Thus without, as yet, developing any eminent specialty, the resources of this Territory seem to promise all the requisites of prosperity to a large population; while the climate is mild and extremely healthy, and the great thoroughfare between the east and the west furnishes all necessary facilities for transporting its supplies to the best markets. More intimate knowledge of its mineral deposits may perhaps give it a higher rank as a mining State.
THE DISTRICT OF COLUMBIA.
The first Congress convened under the new Constitution in 1789, held its session in New York. The seat of government was then removed to Philadelphia. There was much dissension as to where it should be permanently located. The North and the South, were each equally obstinate in their desire to locate it in their own section, and the quarrel threatened a rupture of the confederacy.

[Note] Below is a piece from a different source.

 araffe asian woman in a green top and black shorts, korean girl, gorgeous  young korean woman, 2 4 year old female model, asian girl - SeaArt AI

The great political question of the time was the debts of the States contracted in carrying on the War of Independence. The South, disliking a strong central-government, opposed giving the charge of the finances of the country into its hands; while the North, strongly approved the plan of clothing it with authority to concentrate the strength of the nation to a reasonable extent, so that it might be able to act with vigor, and make the country formidable to its enemies. The reservation of as much power as possible to the individual States was a vital question with the South, since it wished to maintain Slavery, and it was always foreseen that the north must preponderate, ultimately, in the general government; and the north was unfriendly to slavery. The Constitution could make its way in the South only by compromise as to slavery.
The question was a very difficult and delicate one to adjust, but with much tact Jefferson and Hamilton, usually antagonists in politics, united to urge a compromise; the North conceding the location of the national capital, and the South the assumption, by the general government, of the State debts. This was accomplished in 1790, and Washington selected the site on his own Potomac, Virginia and Maryland uniting to give a tract ten miles square, extending to both sides of the river. A new city was laid out, and buildings erected which were occupied for the first time in 1800. This small territory, the government and control of which was lodged wholly in Congress, was called “Columbia.” This possession of its own capital was considered important in order to avoid a possible conflict of Federal and State authority.

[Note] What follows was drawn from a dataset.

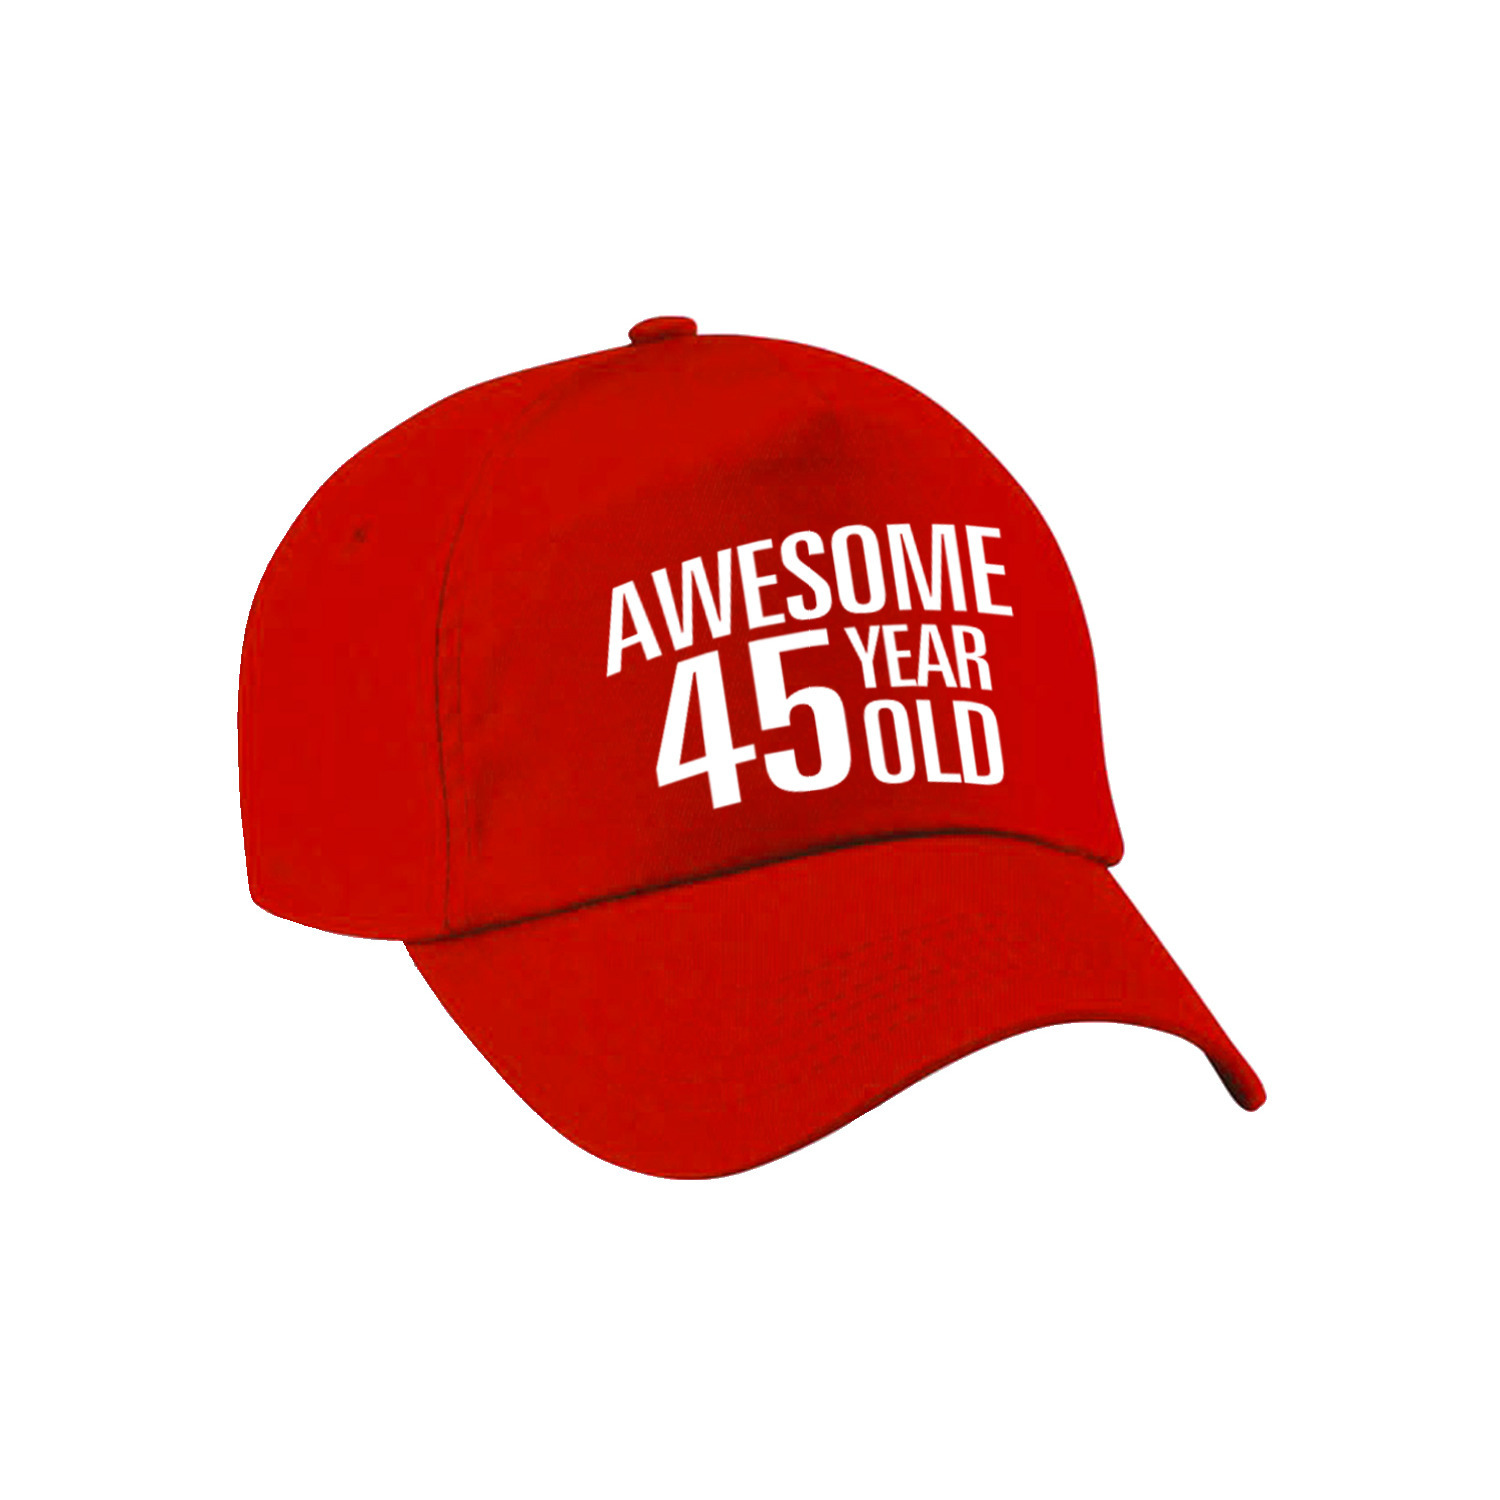 Awesome 45 year old verjaardag pet - cap rood voor dames en heren

The capital city was located on the Maryland side, and called Washington. The territory on the Virginia side was, in 1846, re-ceded to Virginia. On Feb. 21st, 1871, the District was made a territory, with a legislature for its internal government, and the right to be represented by one member in the House of Representatives.

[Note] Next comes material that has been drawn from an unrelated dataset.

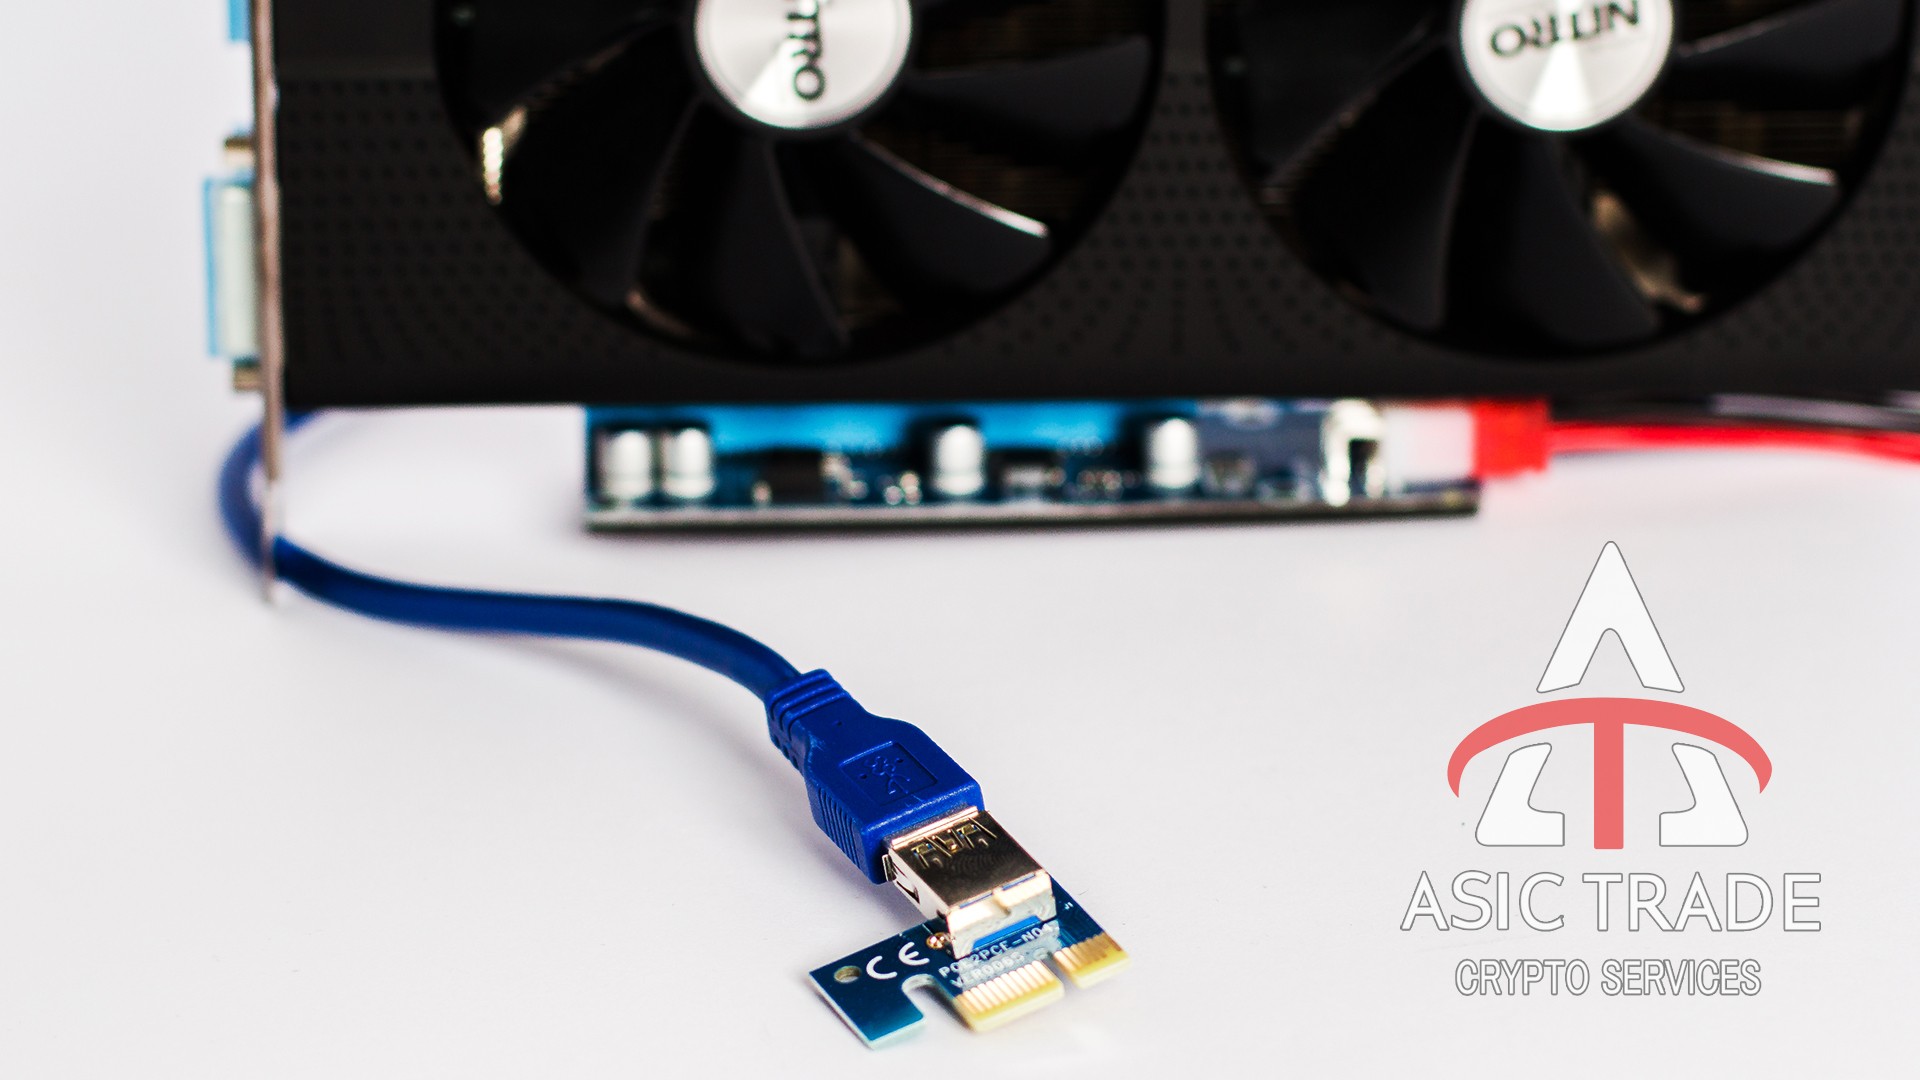 Riser PCI-E 1x to 16x 60cm USB 3.0

The population in 1870 was 131,706. Washington is adorned with many immense buildings erected for the various departments of the government, and the capitol itself is one of the largest in the world, and cost $5,000,000. It is worthy of the great nation represented in its halls.
CHAPTER LXX.
THE ANNEXATION POLICY.
1. The original States of the American Union were all on the Atlantic seaboard. The central States were separated from the fertile valleys and plains of the Mississippi and its tributaries by mountains, while those lying at the northern and southern extreme found, in the vast forests filled with fierce and hostile savages, a still greater barrier against settlement westward. The “Old Thirteen” found their hands and thoughts sufficiently occupied with the establishment of their liberties, and the ultimate western boundaries of the country were left to be settled in future years. Fortunately for us England was too much occupied with the immense debt the useless American war had cost her to make difficulties over the cession of the western regions to us; and, at the peace, we were in possession of the whole region from the Atlantic ocean to the Mississippi river. That was enough and more for the present; but the people were enterprising. We offered a home, freedom, and great opportunities to the oppressed and poor of other lands, and that region was soon sufficiently peopled to show what other regions were required to secure the prosperity of all.
2. It soon became clear that the development of the Western States east of the Mississippi required the possession of the lower part of the river and the territory on its western bank. Circumstances were favorable to its acquisition, and Louisiana, extending from the mouth of the river far up toward its head waters, including several hundred thousand square miles of as valuable land as was to be found on the continent, was purchased. It entered into the vindictive policy of Napoleon Bonaparte to injure England by strengthening America, and it was obtained for the comparatively insignificant sum of fifteen million dollars. This annexation was altogether essential to the security and development of the larger part of the original territory.